A fault tolerant modulation scheme for a hybrid multilevel inverter in the event of open-switch fault

With ever-increasing renewable power penetration, the reliable operation of grid interfaced inverter is an important criterion. The availability of a grid-connected multi-level inverter is relied upon the correctness of identifying faulty switch, if any, during operation and implementation of a fault-tolerant modulation technique to run the inverter without tripping off even under faulty conditions. Although having a large number of switches in a multi-level inverter throws challenges for the detection and localization of faults, it is a boon because power can still flow through alternative paths.

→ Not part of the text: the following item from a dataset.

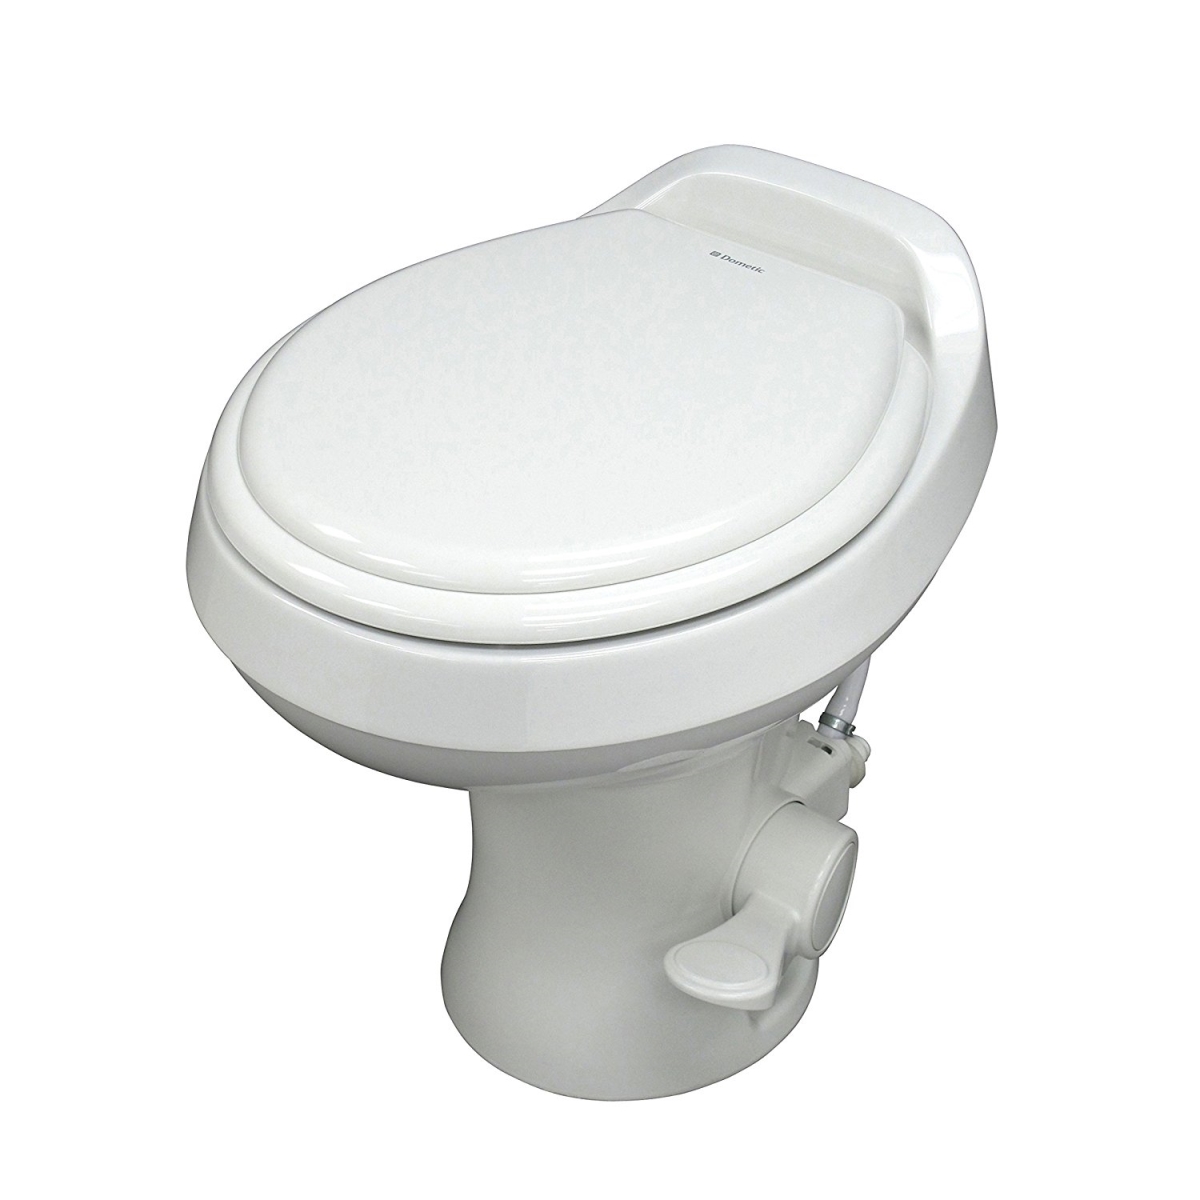 D7e-302300071 300 Series Sealand Toilet, White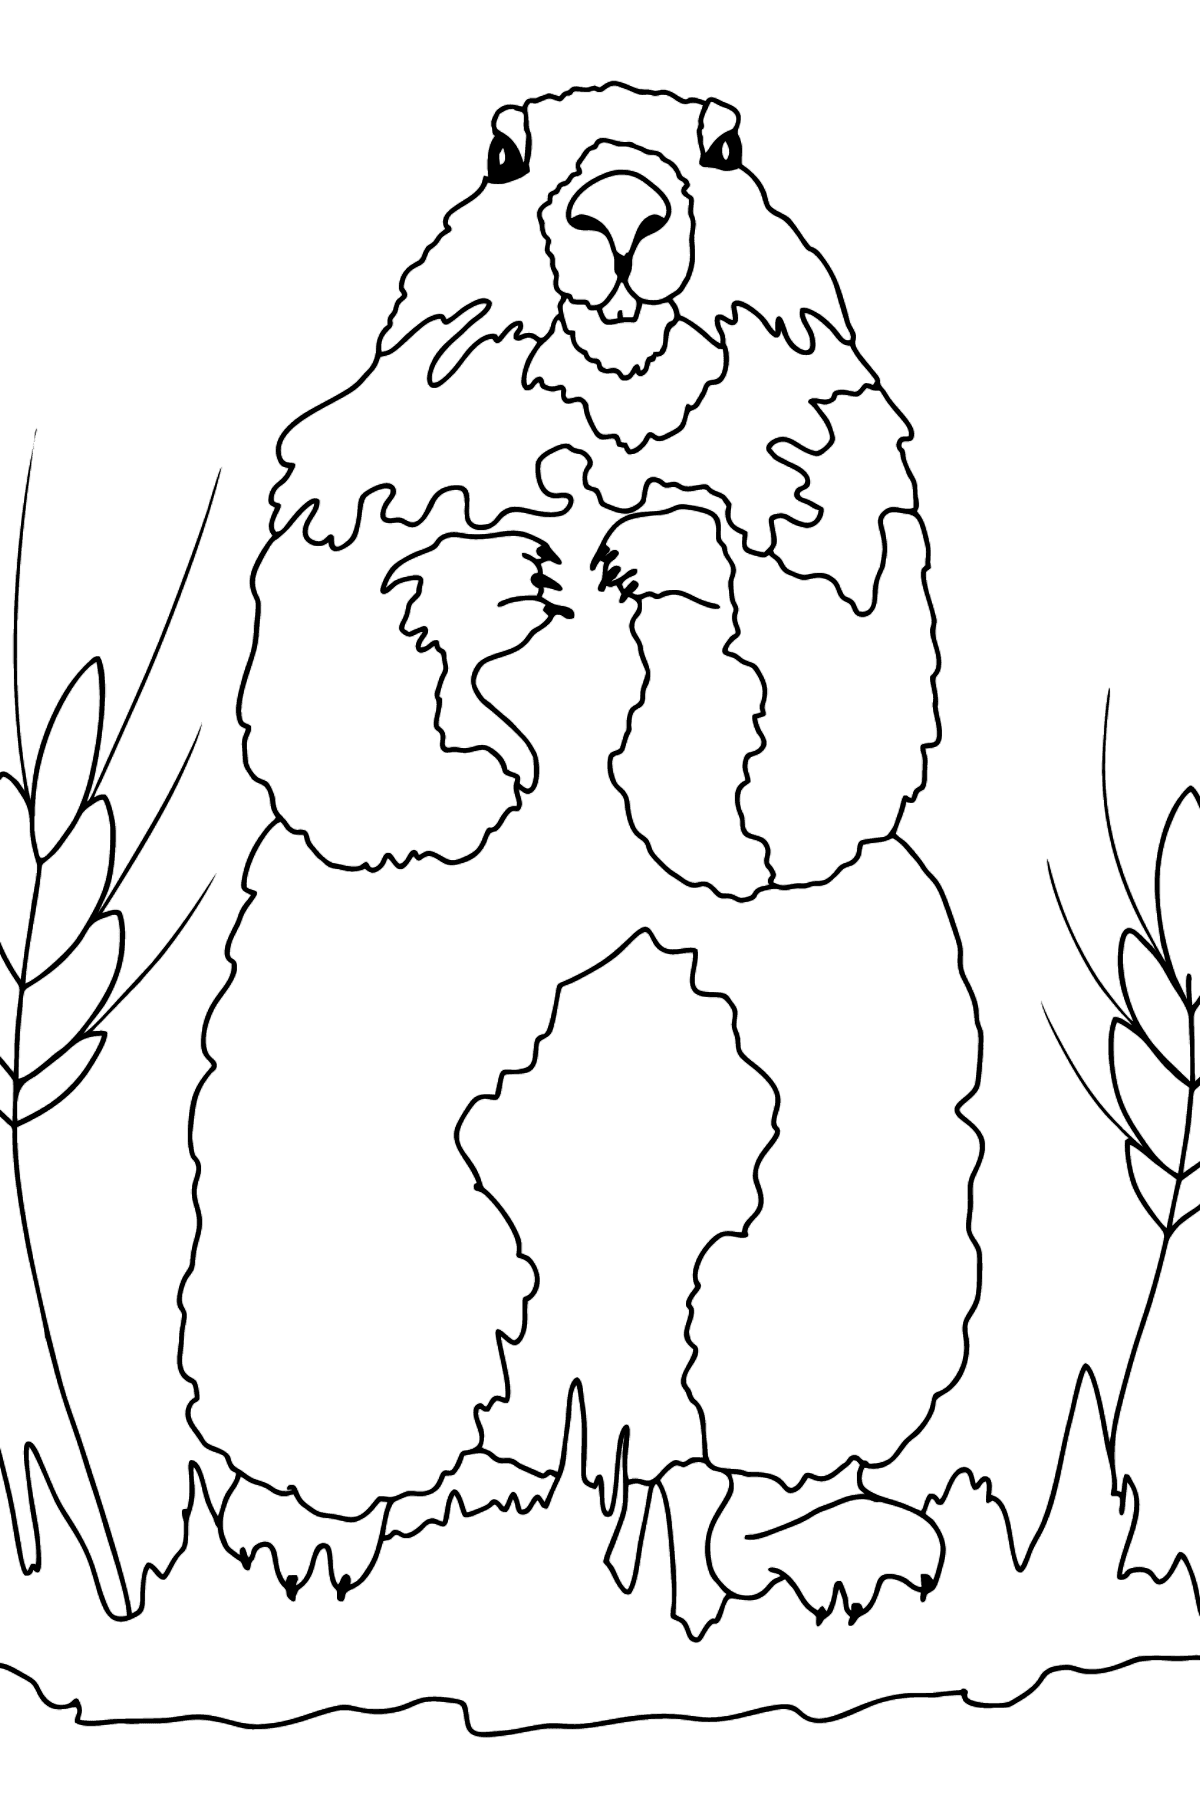 Tegning til farvning murmeldyr (vanskeligt) - Tegninger til farvelægning for børn

In pursuit of this objective, this paper utilizes a T-type based hybrid multi-level topology where certain faulty conditions are created. The proposed fault detection scheme begins with the fast identification of faulty phase, achieved by monitoring the absolute phase error variable derived from normalized phase currents. Subsequently, the localization of faulty switch is fulfilled by intricate analysis of several current and voltage measurements. Notably, the proposed scheme does not need additional sensors to carry out all of these, where finally, a carrier-based fault tolerant scheme is devised to encounter open switch faults. The effectiveness and feasibility of the proposed scheme are evaluated by simulation studies followed by experiments on a seven-level inverter prototype.